Query typeDescriptionSupported backends
bm25BM25 full-text searchOceanBase Database, seekdb
denseDense vector retrievalOceanBase Database, seekdb
hybrid_dense_bm25Hybrid retrieval (dense + BM25)OceanBase Database, seekdb

Metrics

  • Recall@10: Recall within the top 10 results.
  • NDCG@10: Normalized Discounted Cumulative Gain at 10.
  • Average query time: Average latency per query.

Environment setup

Before running the benchmark, make sure your environment meets the following requirements:

  • Python 3.11 or later
  • JDK 11 or later (required by pyserini)
  • seekdb in client/server mode. For deployment instructions, see Deploy seekdb using yum install.

For the deployed seekdb instance, place the log disk, clog disk, and data disk on three separate disks.

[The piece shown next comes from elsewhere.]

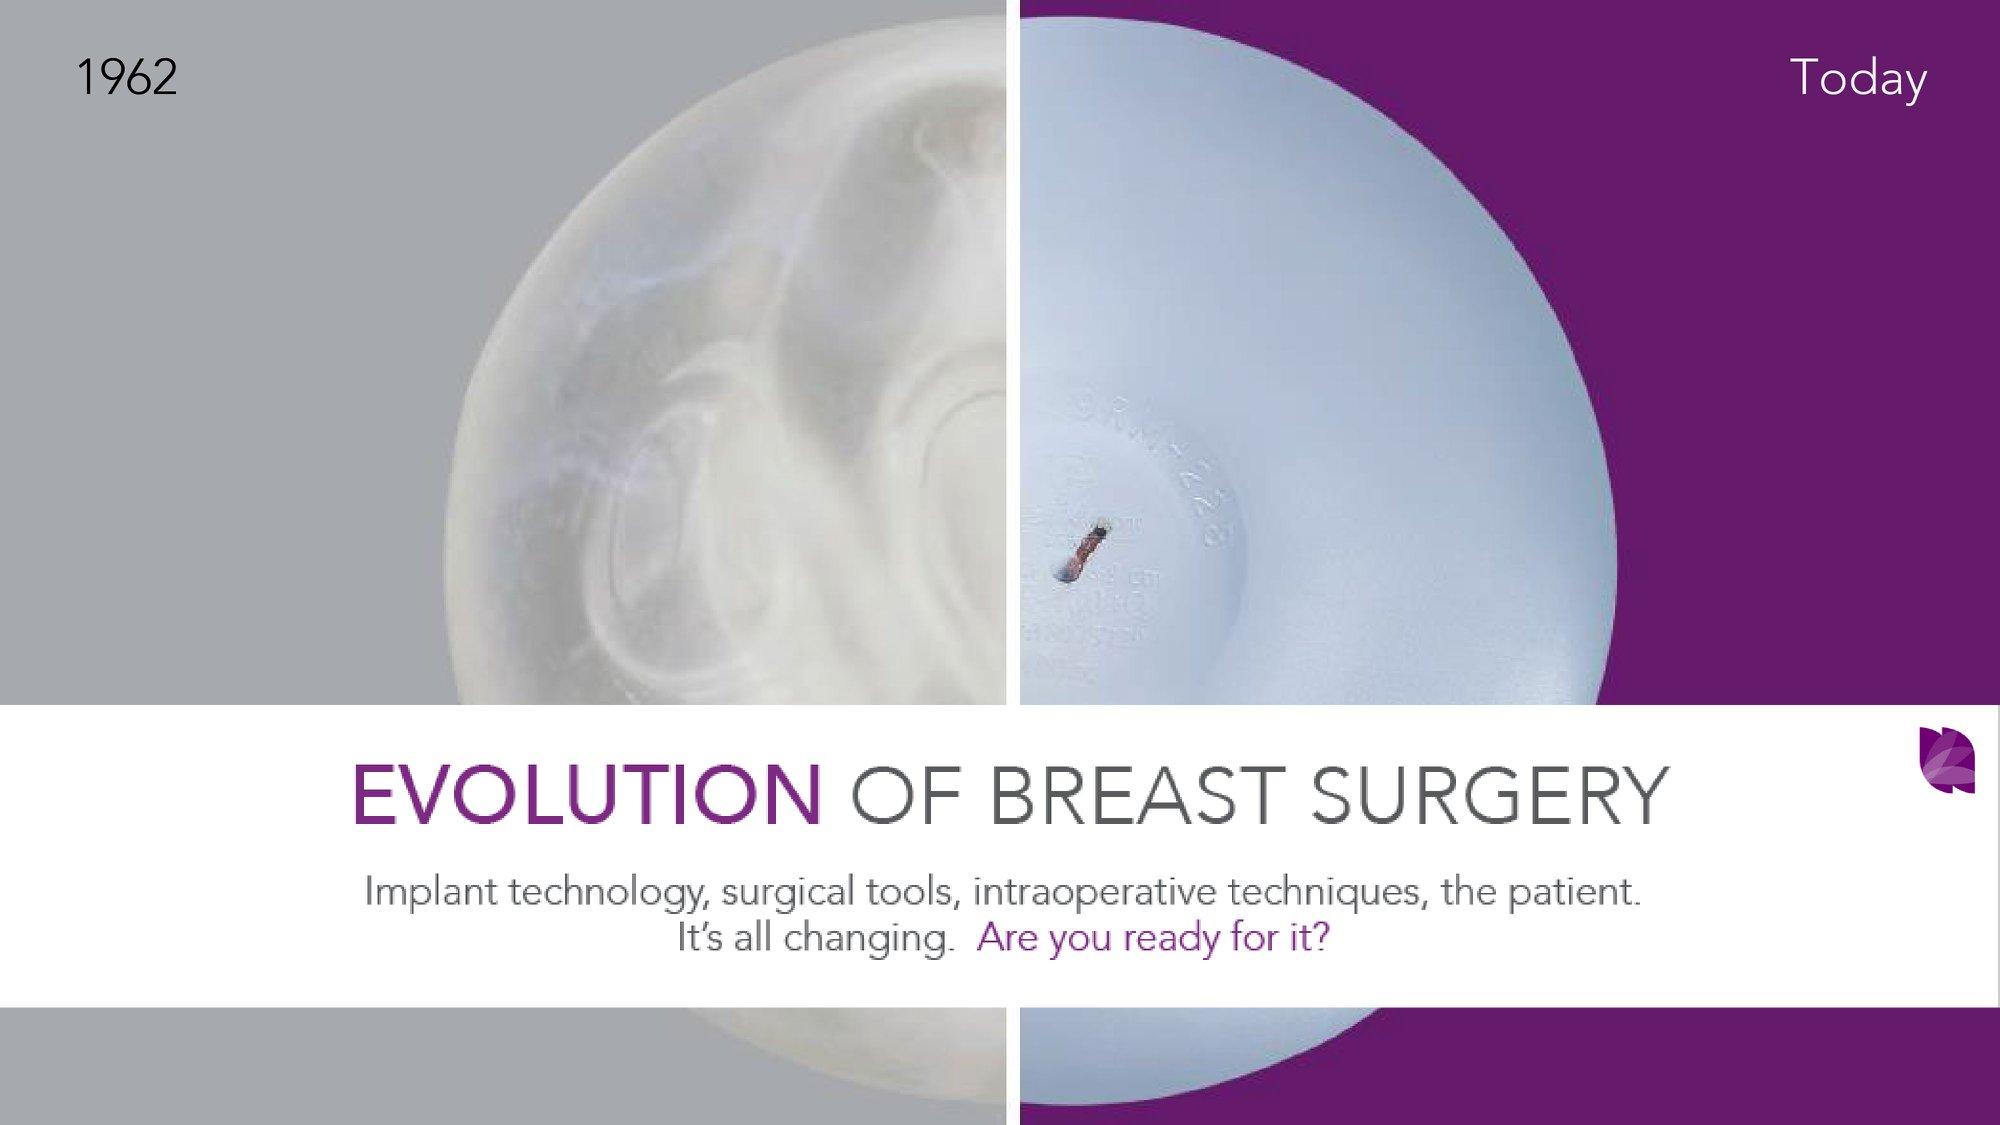 隆乳手術的演進

Use performance level PL1. When starting seekdb, set the following parameters in /etc/oceanbase/seekdb.cnf:

port=2881
base-dir=/data/1/seekdb
data-dir=/data/2/seekdb
redo-dir=/data/3/seekdb

Test plan

  • The benchmark uses two machines:
    • One machine runs MLDR.
    • The other machine runs seekdb (4C8G, PL1, with log/clog/data on three separate disks).
  • Dataset size: 200,000 records.
  • MLDR is used to evaluate seekdb retrieval quality (Recall/NDCG) and performance (latency).

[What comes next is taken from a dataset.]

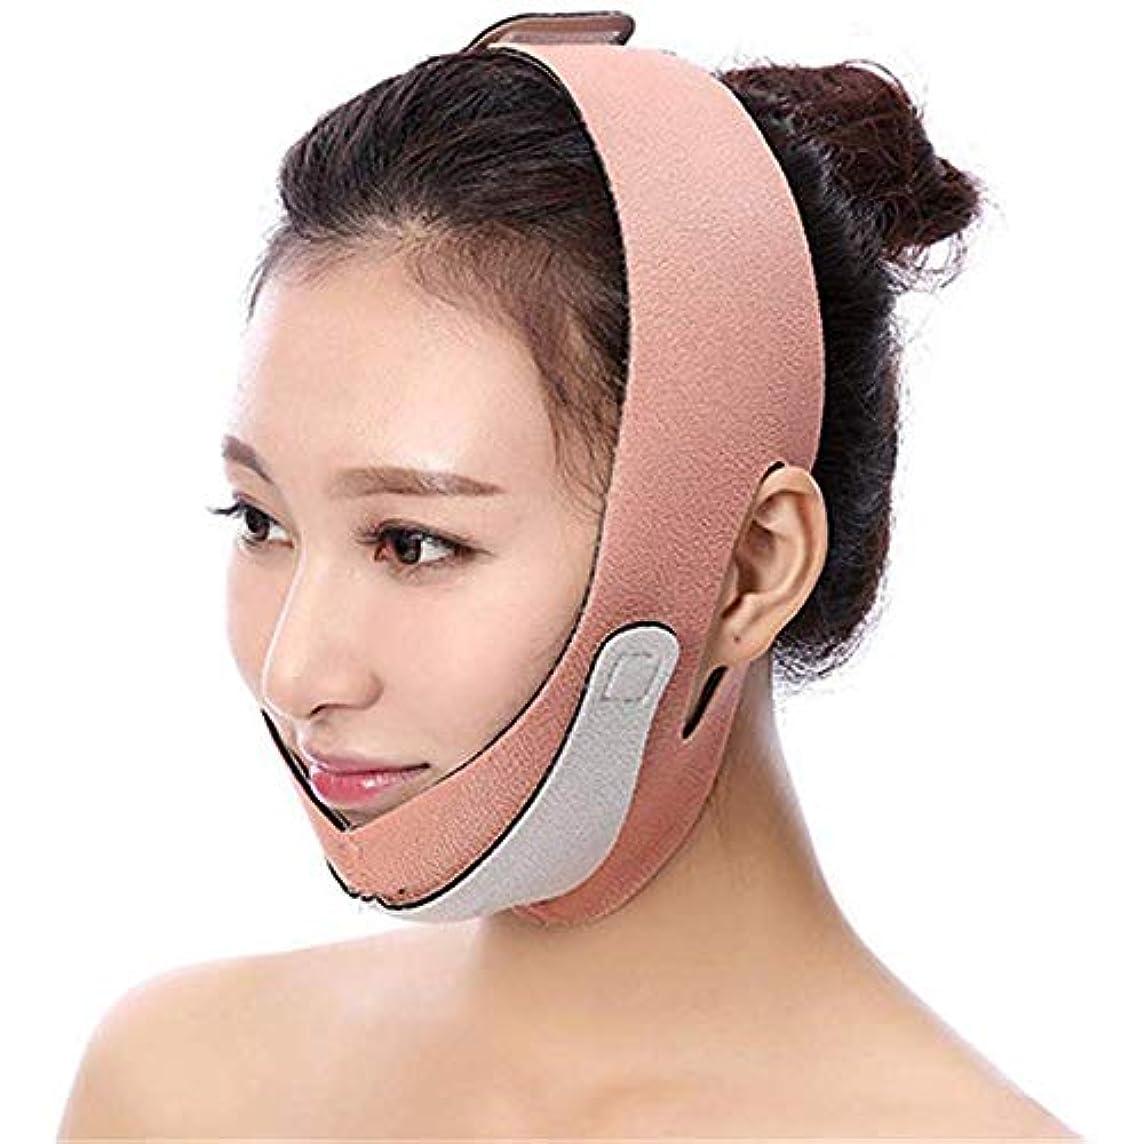 グレー謝る影響するWSJTT 顔のスリミングチンストラップ - チンをエイジングアンチフェイシャルマスクを持ち上げ - 皮膚のたるみ二重あごケア減量フェイスベルト、Vフェイスライン包帯ネックサポートフェイシャルリフトを排除

Run an MLDR benchmark (manual)

Step 1: Get the seekdb connection string

mysql -hxx.xx.xx.xx -P2881 -uroot -p**** -A

Step 2: Install Java

sudo dnf install java-11-openjdk-devel -y
export JAVA_HOME=/usr/lib/jvm/java-11-openjdk
export JVM_PATH=$JAVA_HOME/lib/server/libjvm.so

Step 3: Create a Python virtual environment

  1. Install Miniconda:

    mkdir -p ~/miniconda3
    wget https://repo.anaconda.com/miniconda/Miniconda3-latest-Linux-x86_64.sh -O ~/miniconda3/miniconda.sh
    bash ~/miniconda3/miniconda.sh -b -u -p ~/miniconda3
    rm ~/miniconda3/miniconda.sh
  2. Reopen your terminal and initialize Conda:

    source ~/miniconda3/bin/activate
    conda init --all
  3. Create and activate a dedicated environment for MLDR:

    conda create -n test python=3.11
    conda activate test

Step 4: Download MLDR

git clone https://github.com/oceanbase/ob-mldr-test
cd ob-mldr-test

Step 5: Install Python dependencies

  1. Upgrade pip:

    pip install --upgrade pip
  2. Install dependencies:

    pip install -r requirements.txt

Step 6: Configure database connection

  1. Copy the example config:

    cp config.yaml.example config.yaml
  2. Edit config.yaml and replace the database settings with your own:

    vim config.yaml

    Key fields to update:

    oceanbase.host: database host
    oceanbase.port: database port
    oceanbase.user: database username
    oceanbase.password: database password
    oceanbase.database: database name
    embedding.vector_download_url: URL to download vector files (required for vector retrieval)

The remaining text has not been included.